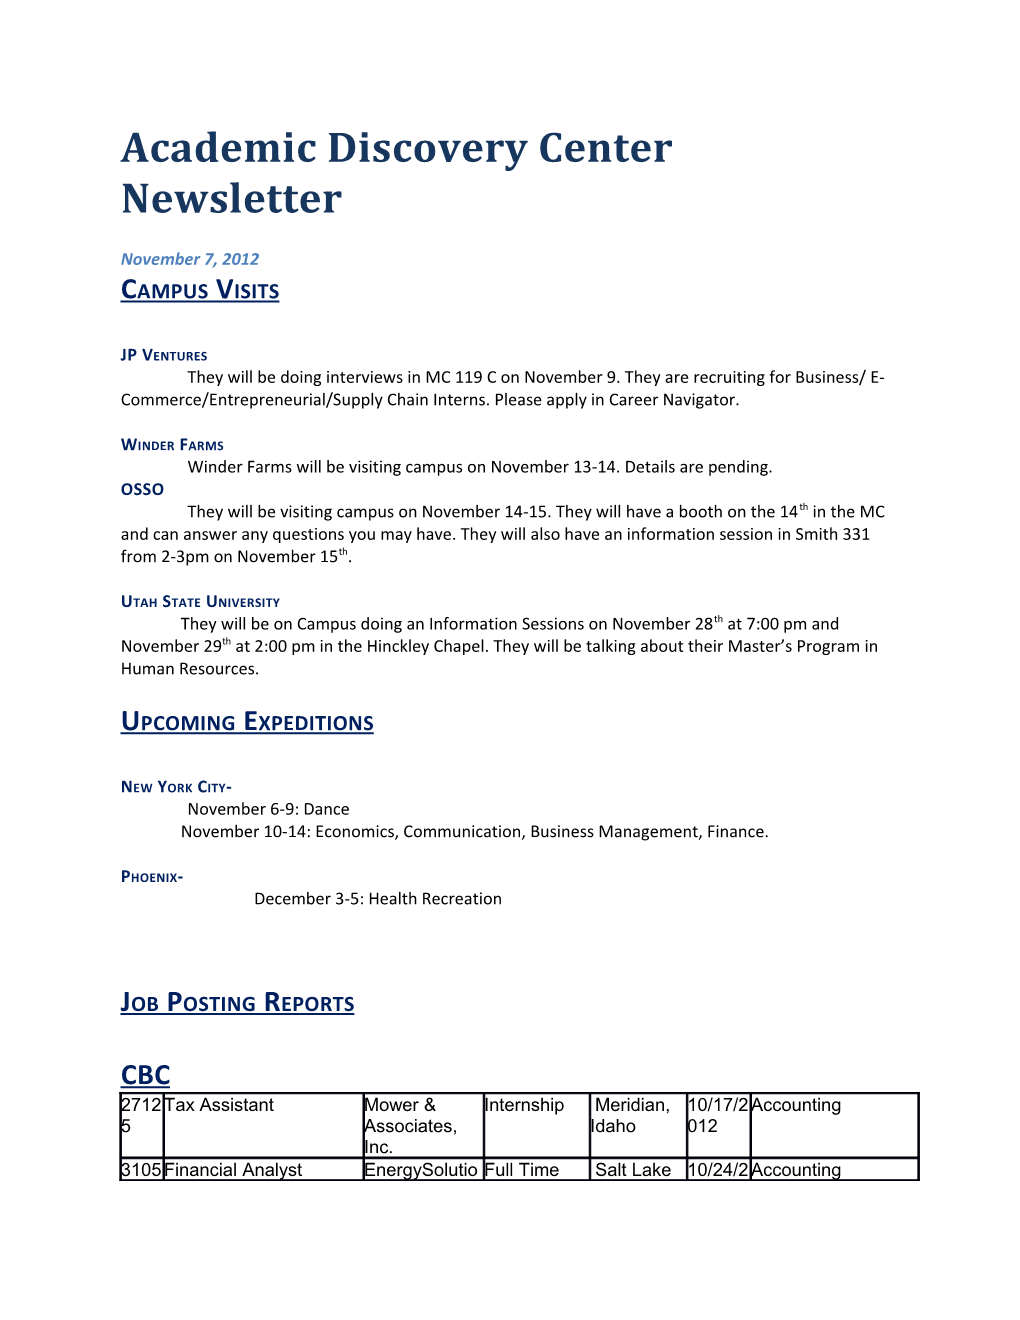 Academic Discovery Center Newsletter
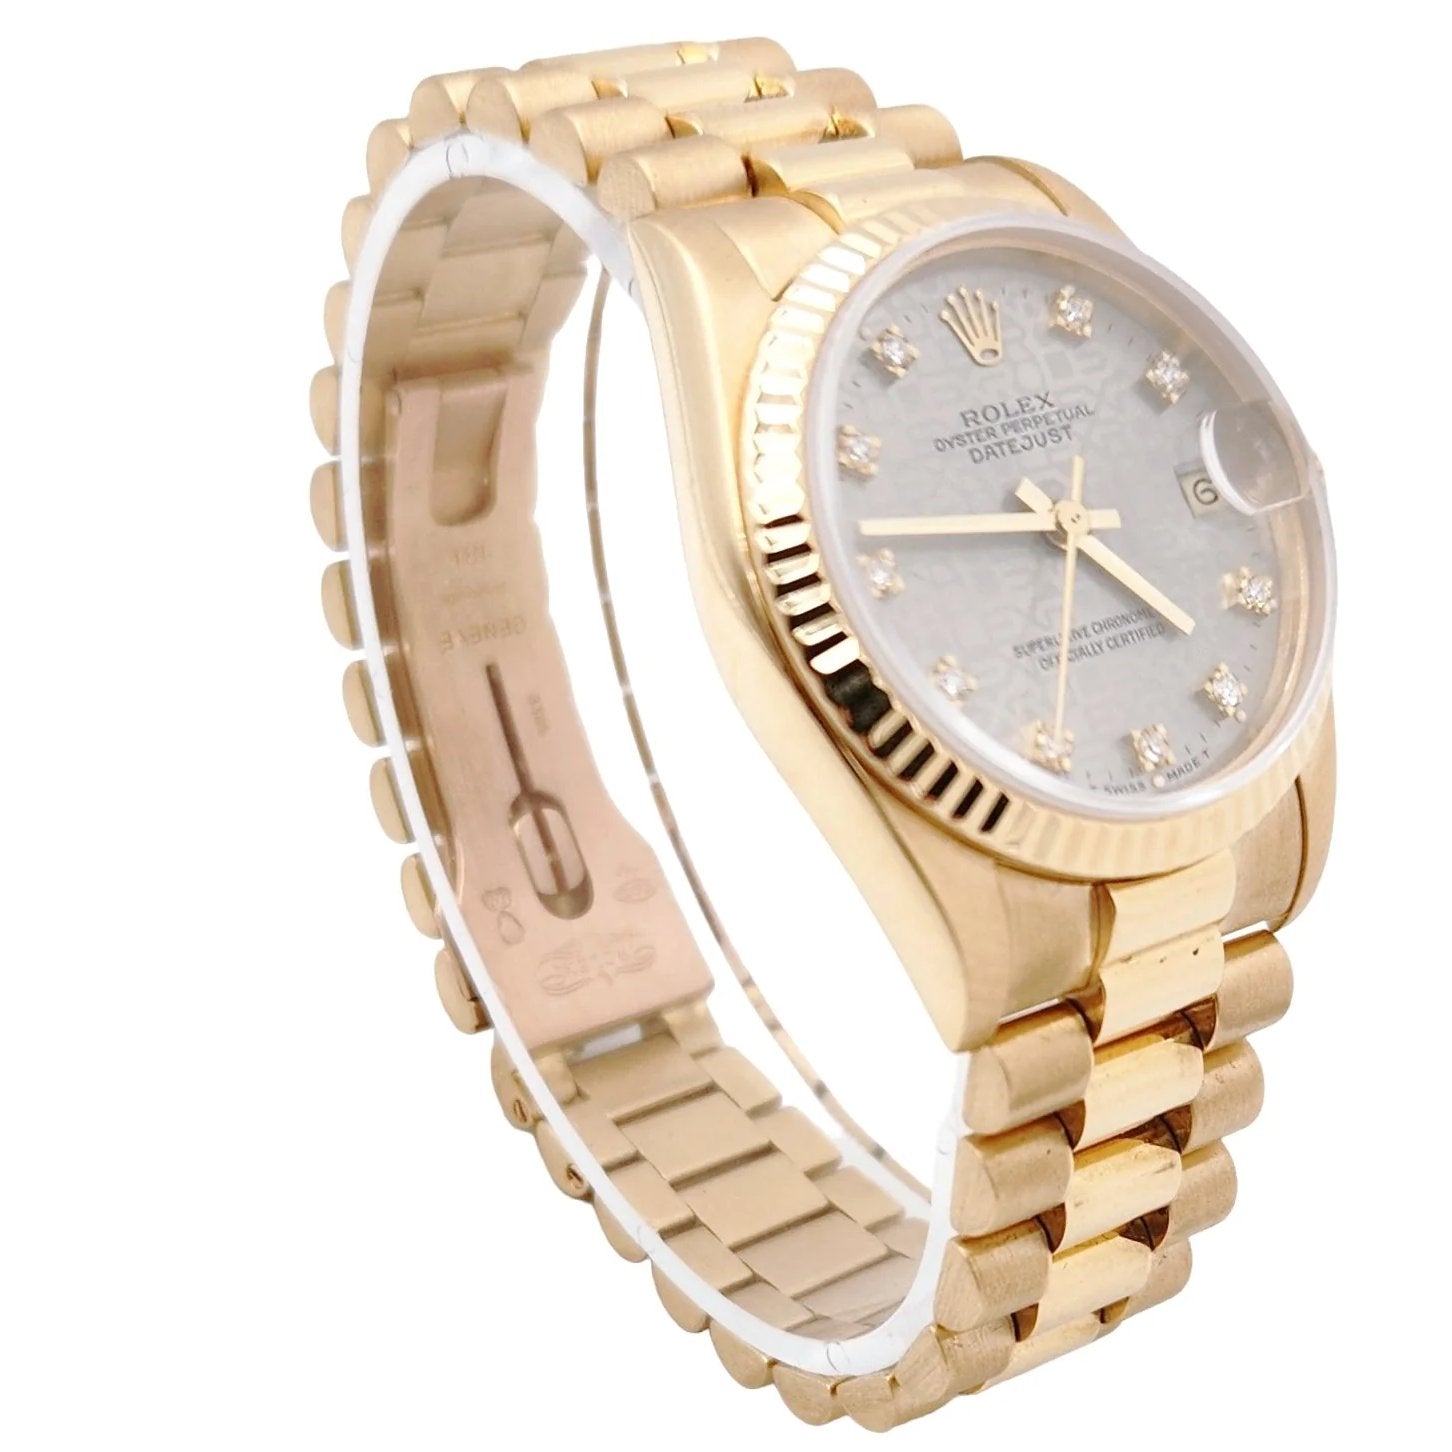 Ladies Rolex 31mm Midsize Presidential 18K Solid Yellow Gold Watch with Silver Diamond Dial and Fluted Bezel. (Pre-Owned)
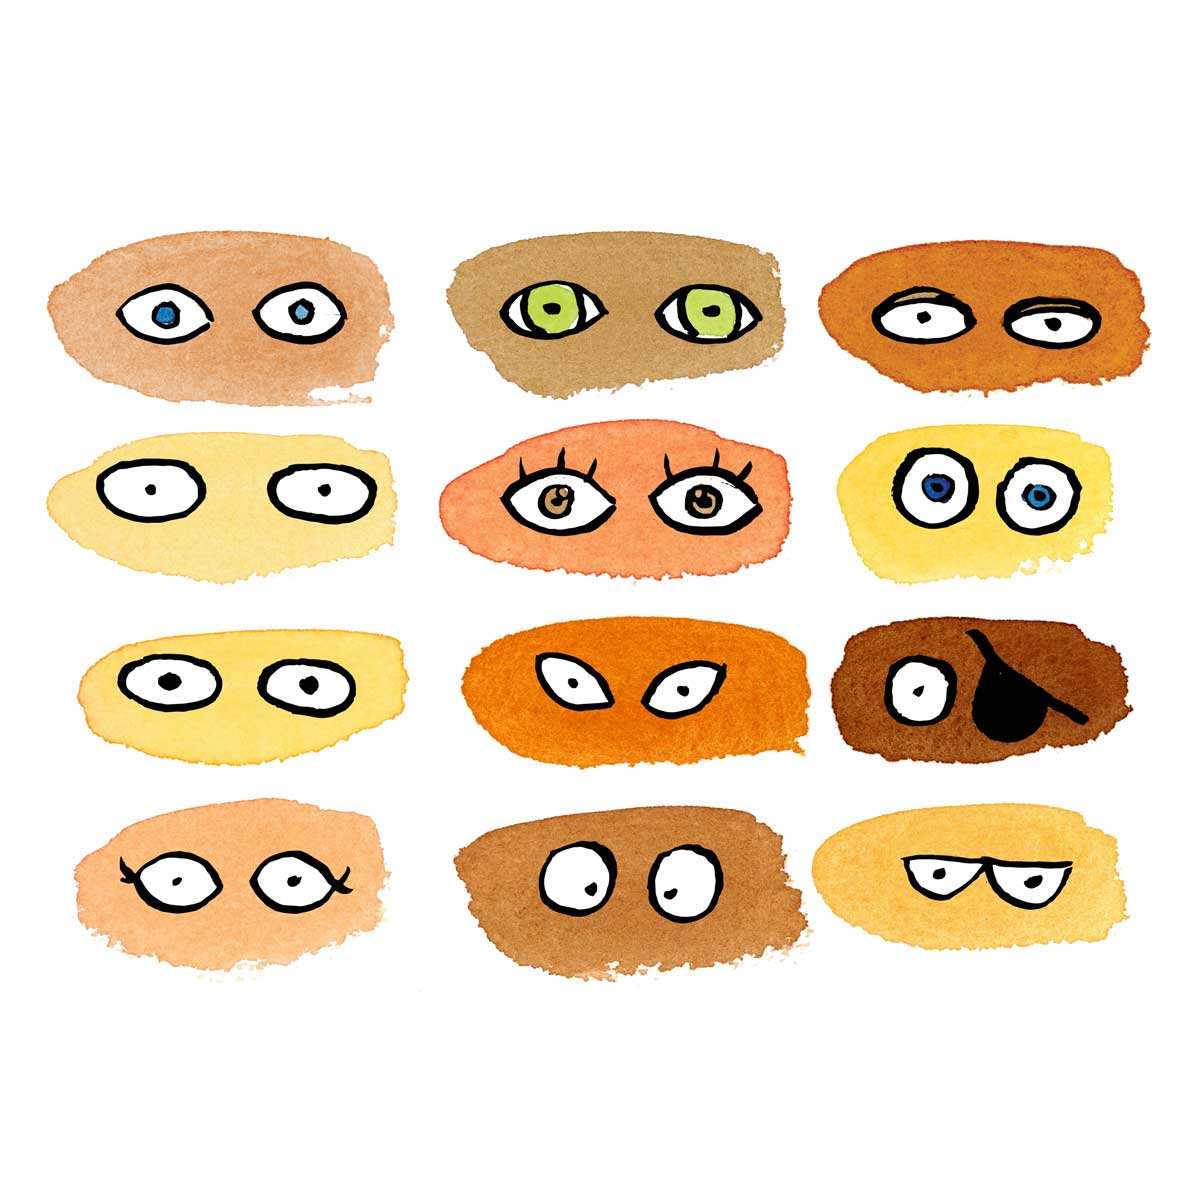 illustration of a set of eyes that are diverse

** Exercise **
The required answer is an exact copy of the lines from the one containing "Ladies Rolex 31mm" through the last line of the material, with the pictures removed.

** Expected output **
 Ladies Rolex 31mm Midsize Presidential 18K Solid Yellow Gold Watch with Silver Diamond Dial and Fluted Bezel. (Pre-Owned)
 illustration of a set of eyes that are diverse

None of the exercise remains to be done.